Oggi ho deciso di affrontare il tema dell’autismo, sia dal punto di vista strettamente clinico che, soprattutto, dal punto di vista del tipo di lavoro che si può fare per migliorare la qualità della vita di queste persone e delle loro famiglie.
L’etimologia della parola autismo deriva dal greco αὐτός, letteralmente “se stesso”. Il primo richiamo del termine è chiaramente alle difficoltà relazionali e comunicative che, a diversi livelli, caratterizzano i disturbi dello spettro autistico. Kanner ha adottato il termine “autismo infantile” per identificare una sindrome che ha osservato in un campione ridotto di bambini, accomunati tutti da alcuni particolari sintomi: si trattava di bambini inclini all’isolamento, poco partecipi nelle relazioni, alcuni con un linguaggio estremamente povero o caratterizzato da ripetizioni (ecolalia), altri addirittura non verbali. Parte di questi bambini aveva una forte rigidità ad ogni piccolo cambiamento ambientale, che provocava reazioni abnormi di ansia, altri avevano abilità molto sviluppate ma in maniera settoriale, mentre in quasi tutte le altre aree si evidenziava un significativo ritardo dello sviluppo.

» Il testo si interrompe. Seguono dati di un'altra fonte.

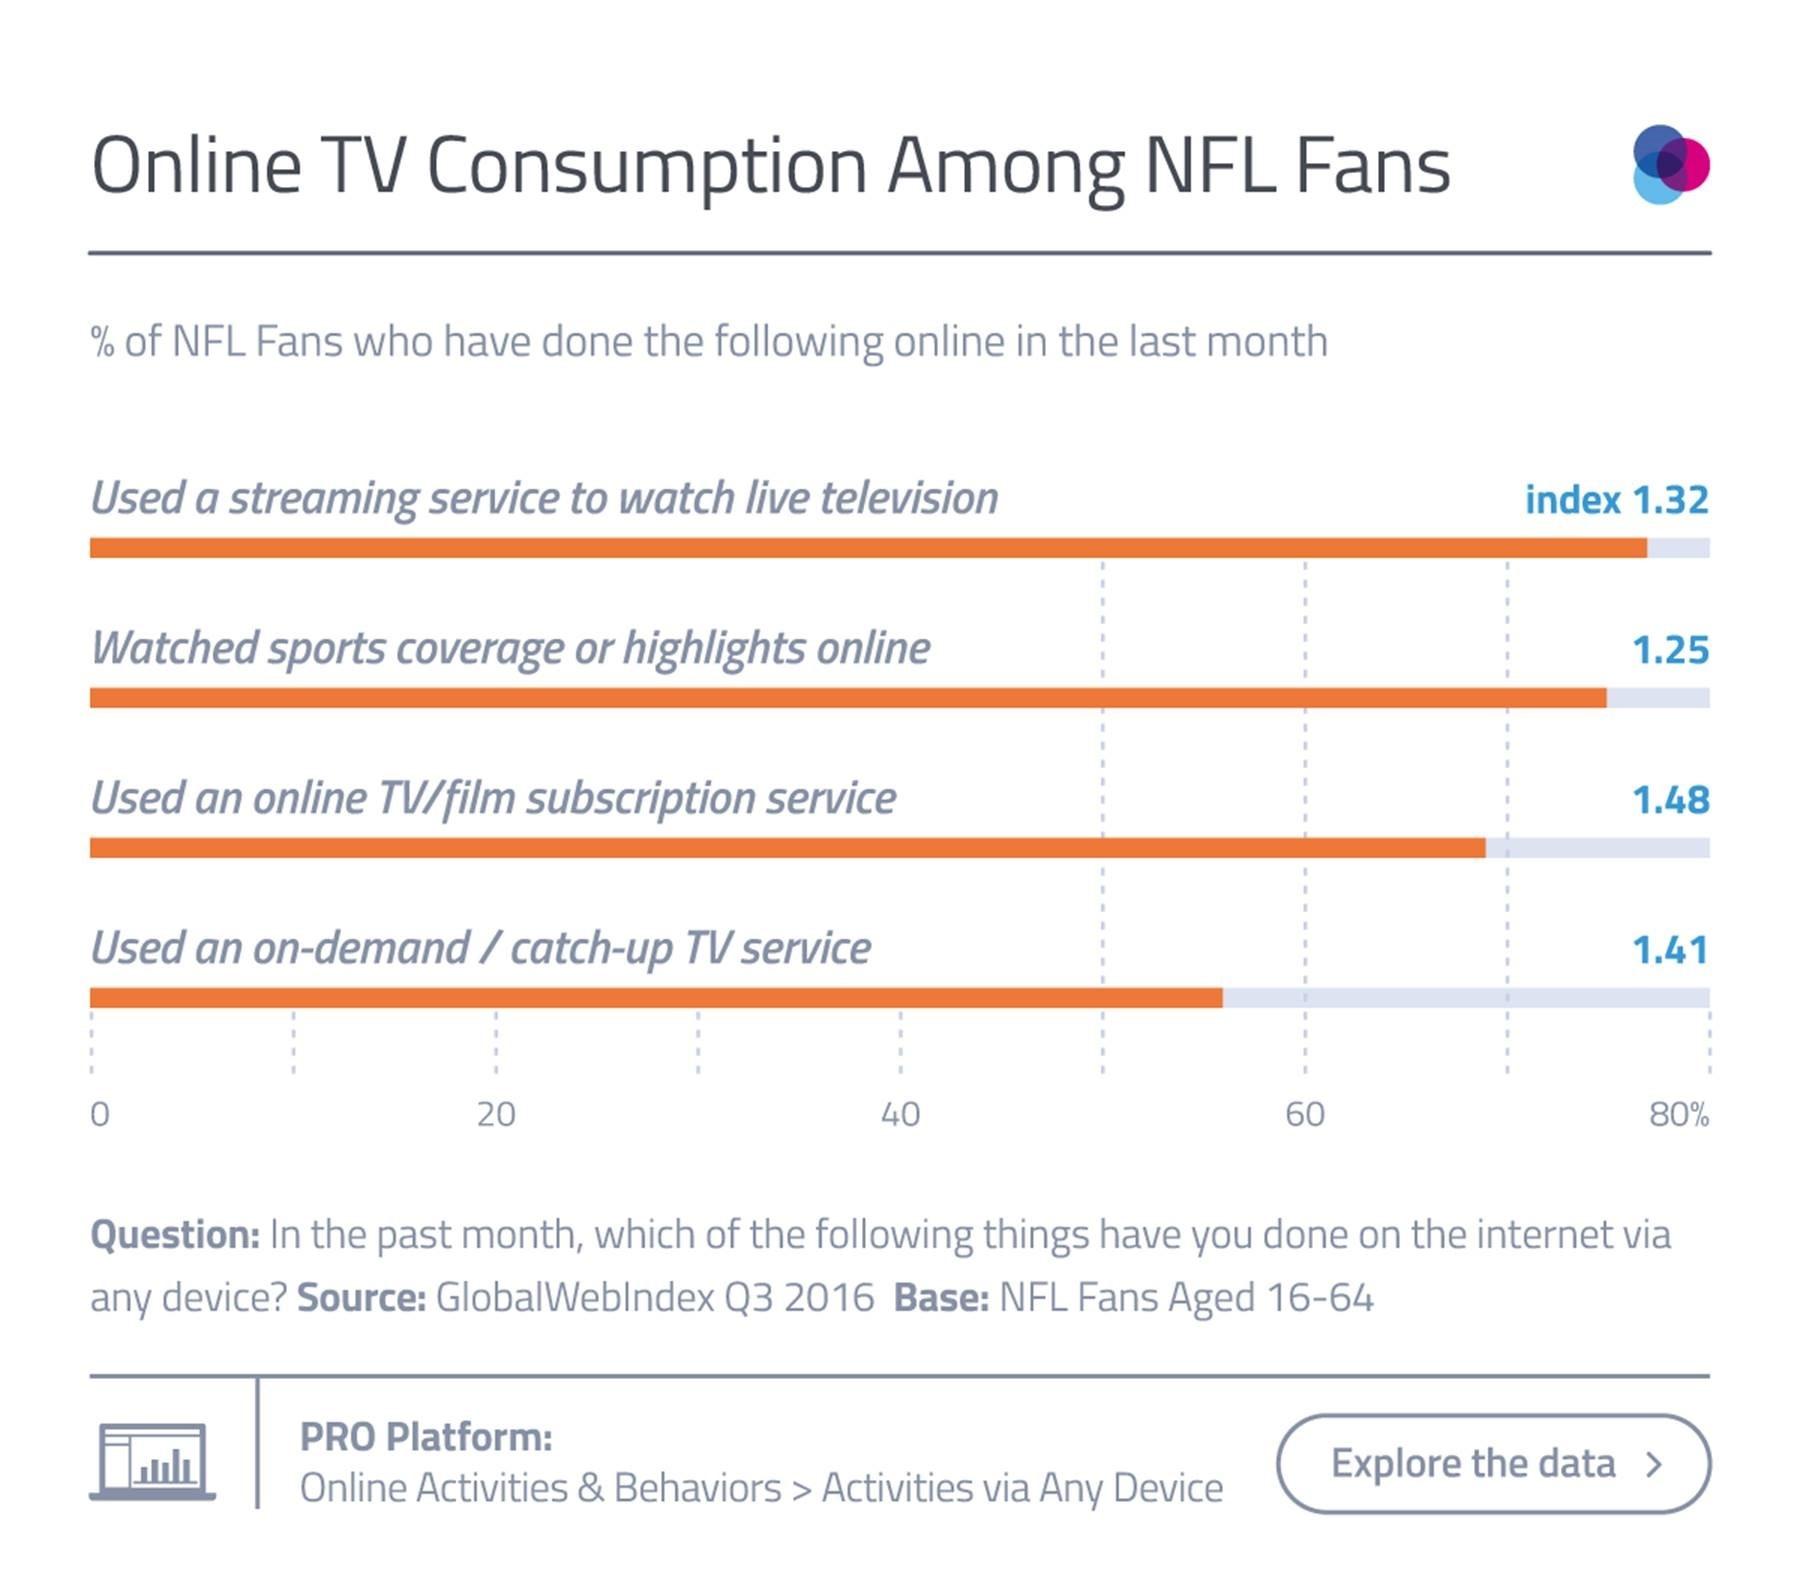 Online TV Consumption Among NFL Fans

Negli anni sono state proposte moltissime teorie sull’origine dell’autismo, condannando intere generazioni di genitori all’etichetta di “cattivo genitore”, in primis le cosiddette “mamme frigorifero”, cioè madri accusate di essere troppo distanti e fredde nei confronti del figlio, ragion per cui quest’ultimo si ammalava di autismo. Rimland, direttore dell’Autism Research di San Diego è stato il primo a sostenere con fermezza che le cause dell’autismo non vanno ricercate nei genitori, ma nella biologia.
Il DSM (Manuale Statistico Disturbi Mentali) elenca in maniera dettagliata i criteri per una diagnosi di autismo, tra i quali troviamo un deficit della comunicazione sociale e nell’interazione sociale, comportamenti e/o interessi ed attività ristrette e ripetitive (stereotipie, rigidità al cambiamento), aspetti non spiegabili alla luce di un ritardo mentale o di altri ritardi dello sviluppo. I sintomi emergono nella prima infanzia, anche se possono conclamarsi quando il bambino è più grande e compromettono il funzionamento globale dell’individuo.
Le cause precise dell’autismo sono sconosciute, è stata esclusa la responsabilità dei genitori ma non si è trovato il fattore scatenante. Tra i vari studiosi che si sono occupati di autismo c’è accordo nel parlare di multifattorialità, ovvero sia aspetti genetici, che aspetti legati all’interazione tra geni e fattori ambientali, che altre variabili di ordine biologico. Dal punto di vista della genetica sono numerose le evidenze scientifiche di mutazioni di alcuni geni, tuttavia non sufficienti a spiegare l’autismo in quanto anche persone non affette da tale sindrome presentano mutazioni simili e anche diversi soggetti autistici hanno mutazioni diverse.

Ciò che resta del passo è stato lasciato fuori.